Harmony is a framework for data visualization, trajectory detection and interpretation for scRNA-seq data measured at discrete timepoints. Harmony constructs an augmented affinity matrix by augmenting the kNN graph affinity matrix with mutually nearest neighbors between successive time points. This augmented affinity matrix forms the basis for generated a force directed layout for visualization and also serves as input for computing the diffusion operator which can be used for trajectory detection using Palantir
Harmony reads in csv files of counts matrices from multiple time points. Please ensure that replicates of the same time point are consecutive in order
import harmony
import palantir
# Plotting and miscellaneous imports
import os
import pandas as pd
import matplotlib
import matplotlib.pyplot as plt
# Initialize random seed
import random
random.seed(101)
%matplotlib inline
Sample csv files are available at <harmony directory>/data/
. This folder contains two replicates each of the mouse embryonic development cells at E3.5 and E4.5 stages.

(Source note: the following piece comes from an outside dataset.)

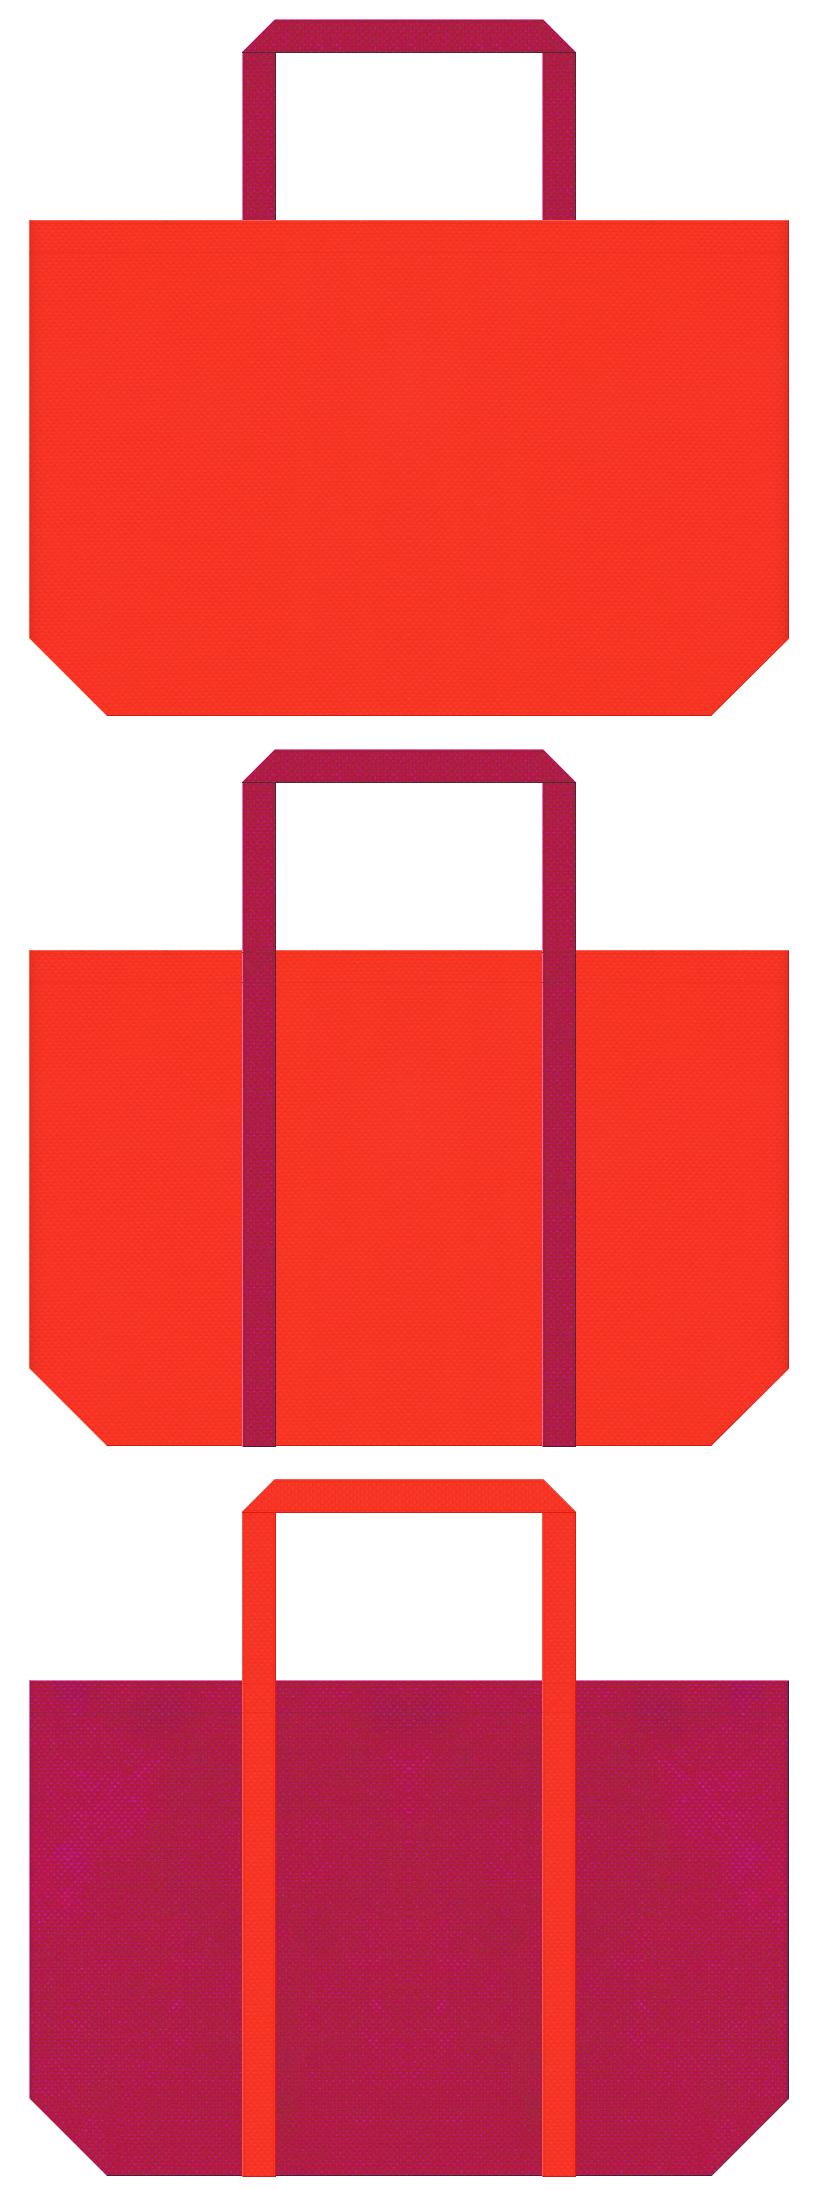 オレンジ色と濃いピンク色の不織布ショッピングバッグデザイン。

These cells represent a subset of the mouse endoderm dataset and are the cells used for Palantir trajectory detection in Figure 2 of the manuscript.

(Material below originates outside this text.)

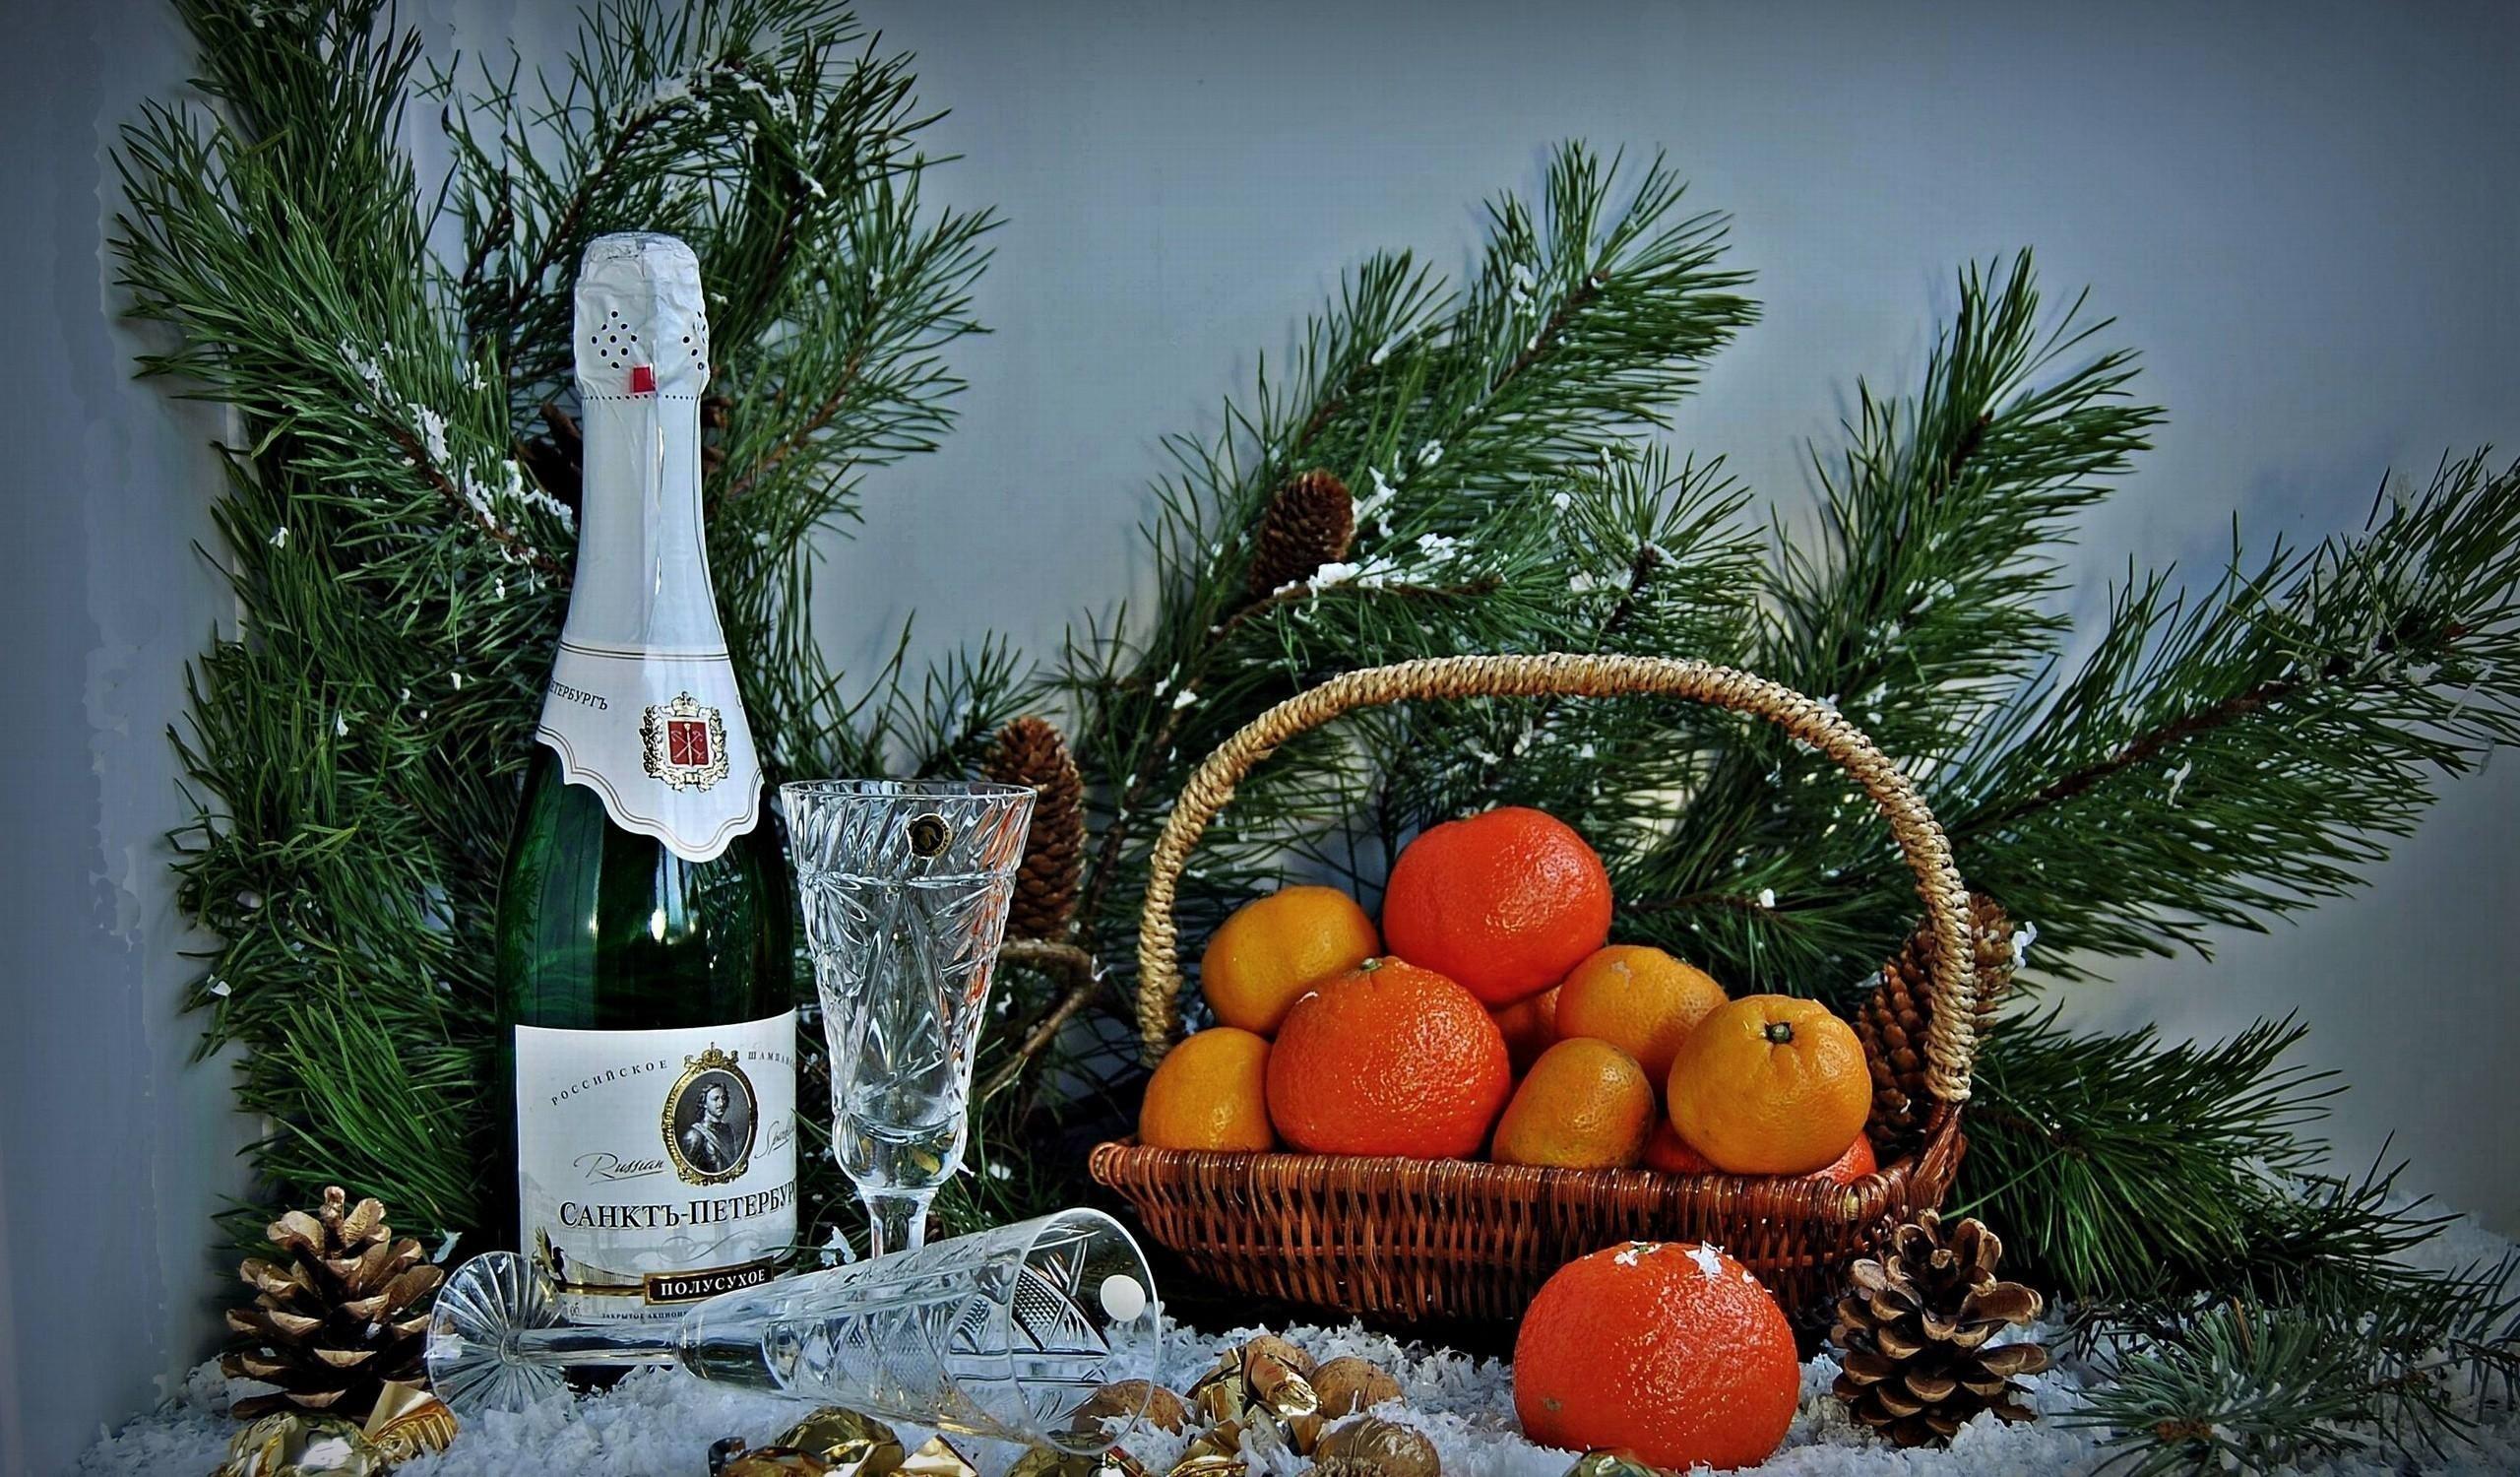 Какой же Новый год без шампанского и мандаринов?

Assuming that Harmony was downloaded at ~/repositories/Harmony
, the following snippet can be used to load the counts matrices. sample_names
parameter is used to set a prefix for the barcodes.
# Load sample data
harmony_dir = os.path.expanduser('~/repositories/Harmony/data/')
csv_files = [harmony_dir + 'Lib1-3_E3.5.csv',
harmony_dir + 'Lib1-4_E3.5.csv',
harmony_dir + 'Lib1-1_E4.5.csv',
harmony_dir + 'Lib1-2_E4.5.csv',]
sample_names = ['E3.5_Rep1', 'E3.5_Rep2', 'E4.5_Rep1', 'E4.5_Rep2']
counts = harmony.utils.load_from_csvs(csv_files, sample_names)
Loading count matrices... E3.5_Rep1 E3.5_Rep2 E4.5_Rep1 E4.5_Rep2 Concatenating data..
Note: Harmony assumes that the cells from the same time point are consecutive to each other in the counts matrix.
The next step is to correct for molecule count distribution. Harmony divides the counts of each cell by the total molecules detected as a normalization technique
norm_df = harmony.utils.normalize_counts(counts)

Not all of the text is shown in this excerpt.